For the second day of competition at the 20th Commonwealth Games, I took a trip to Scotstoun for some world-class squash action. Squash is not yet an Olympic sport – that makes the Commonwealth Games, along with the World Open (effectively the sport’s world championships), the most high-profile squash event going.
After a very pleasant walk down from Scotstounhill station, with a smattering of jovial volunteers showing me the way to go, I found a seat at Scotstoun Sports Complex and got set for four hours of utterly engrossing sport.
First up were New Zealander Joelle King and Joshna Chinappa from India in the women’s singles. Despite a good fight from the Indian player against her more highly ranked opponent, King came through in the end to win by three games to one. As the underdog, the crowd got right behind Chinappa, with one particularly enthusiastic spectator’s cries of “come on Chinappa!” heard pretty much on every point as the match reached its conclusion. Despite the Glasgow masses being with her opponent, King, the 3rd seed, triumphed 11-3 11-8 8-11 11-5.
Up next it was Megan Craig, again from New Zealand, playing world number 1 Nicol David of Malaysia. David had been top of the rankings for 99 weeks and it showed as she clinically dispatched of 21-year-old Craig in three games, with the Malaysian displaying some magnificent touches. David won through 11-7 11-6 11-5, and she was the first of two number one seeds playing that afternoon.
The second came in the third match of the day in the form of Englishman and reigning World Open Champion Nick Matthew. His opponent was Scottish number 1 and occasional reader of this blog, Munlochy’s Alan Clyne. Bizarrely, it was both players’ birthday so they both got a raucous “happy birthday” shout from the crowd before proceedings began. This match was undoubtedly the main event for the 2,000 or so people seated round the show court, the Scottish crowd being particularly enamoured with the game of squash after Clyne’s incredible two hour slog the night before to come through and beat India’s Harinder Pal Sandhu.
In the first two games, Matthew was utterly clinical against his Scottish opponent and despite some fantastically partisan home support, the Englishman won 11-4 and 11-5 respectively. In the third game, Clyne, the number 9 seed, really came into the match, grittily pulling a 4-10 deficit back to 8-10 despite every point being the match ball, before Matthew eventually clinched victory 11-8.
It was another fantastic match and the crowd acknowledged both players well at the close, with Alan giving out a few autographs to some appreciative young squash fans as he and coach Roger Flynn dissected the match in its immediate aftermath.

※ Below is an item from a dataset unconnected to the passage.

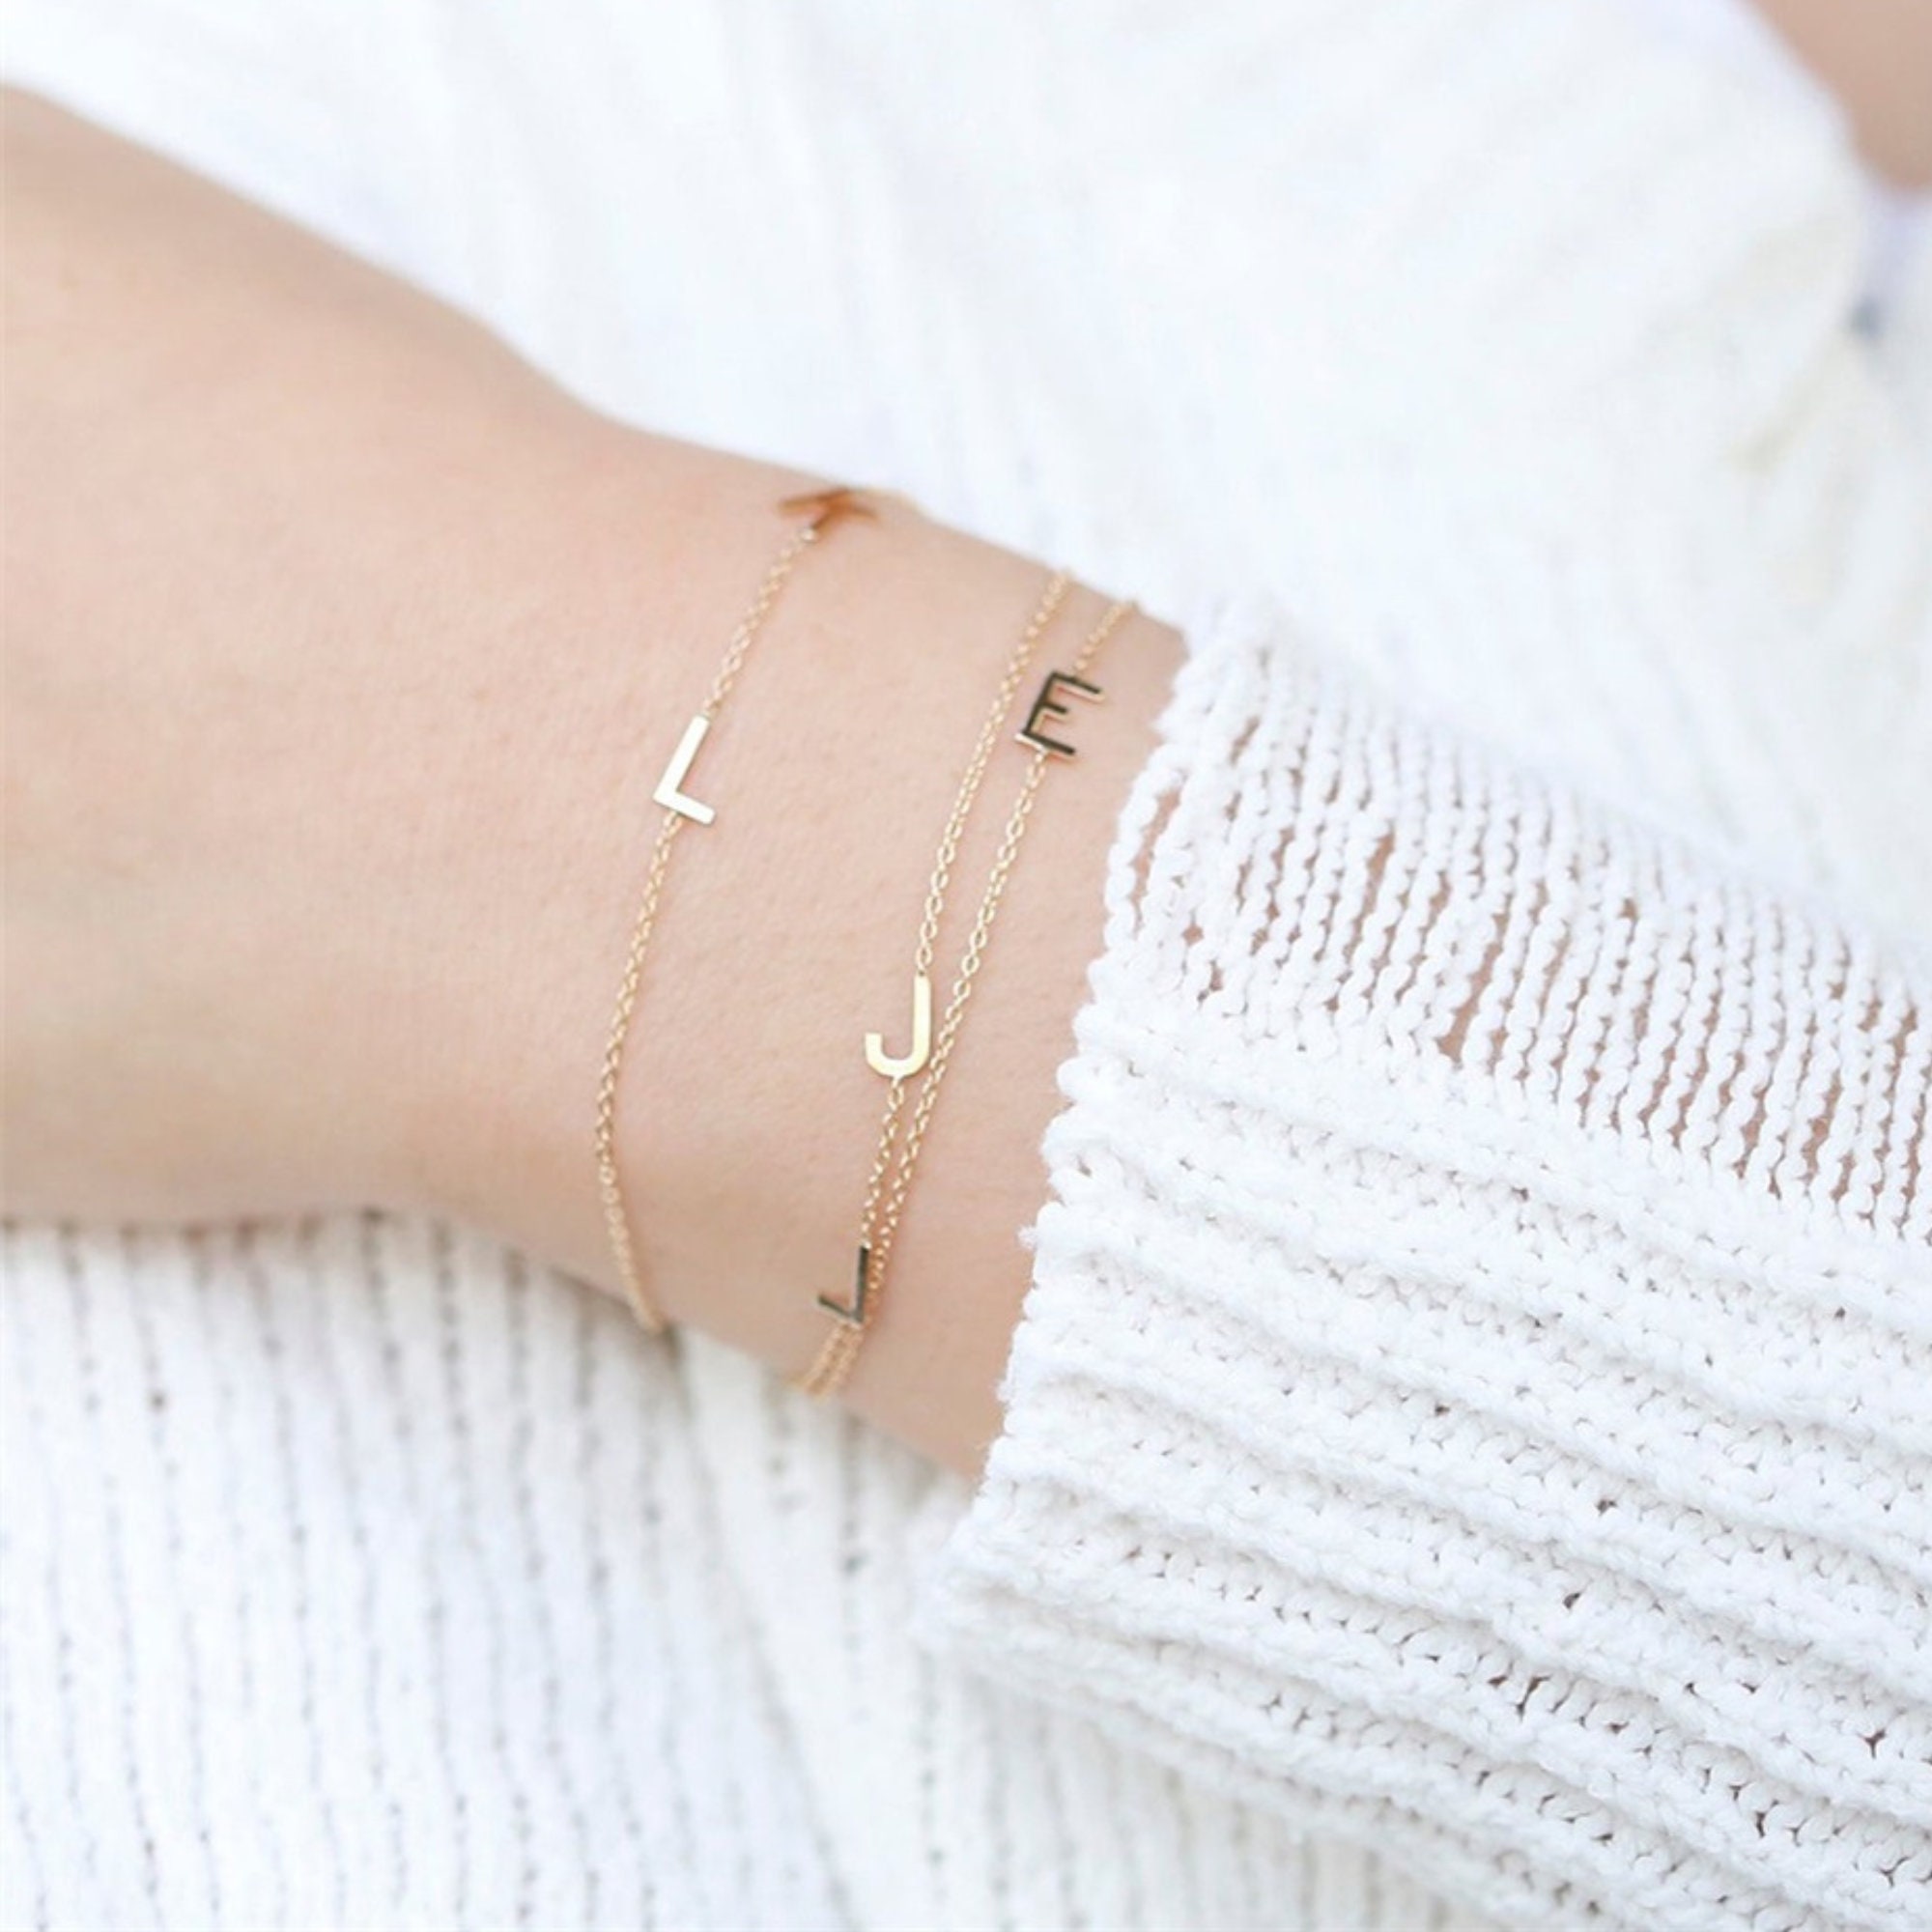 Happy friday beautiful ✨ Featuring our Sideways Letter Bracelet

The final match saw Clyne’s fellow Invernesian Greg Lobban play Australian number 5 seed Cameron Pilley. The announcer gave the crowd the lovely pre match stat that Pilley had the fastest hit of any man on the PSA World Tour, clocking 176mph. Lobban, the Scottish number 2 and 16th seed, seemed to have the measure of his Aussie opponent in the opening few points but Pilley pulled away to take the first game 11-6.
The following game saw Pilley demonstrate his class winning 11-4. In the third, again the young Scot seemed to have the measure of his opponent initially but the more experienced Pilley again fought back and won through 11-6. I did like the fact that at one point, when Lobban threw his racket onto the court floor out of frustration with himself, he was instantly given a conduct warning. Squash umpires do not take that kind of thing lightly, it would appear, unlike their tennis-officiating cousins sometimes do.
With the end of Lobban v Pilley came the end of a great 4 hours of sport. Squash is strangely mesmerising, the long rallies raising the tension as you wonder which player is going to break the other down or find that impossible angle, as Matthew and David managed on a few occasions, and take the point away. What is particularly unclear to me, after yesterday’s wonderful action, is why squash is not an Olympic sport.
The arguments for it being one are easy. A squash Olympic gold medal would be the pinnacle of achievement in the sport. Squash lends itself easily to spectating, both live and on television. And, more fundamentally, despite being a complete novice who understands only about 60% of the rules, squash is utterly gripping and clearly requires supreme fitness and mental strength which any knowledgable sporting crowd respects. What more do the IOC need, I ask you. Squash’s next shot at being an Olympic sport comes in 2024 – it absolutely deserves to be on the list.
As for me, it’s the Rugby Sevens medal matches tomorrow evening at Ibrox. To go into that stadium with an entirely friendly crowd in attendance will be quite something.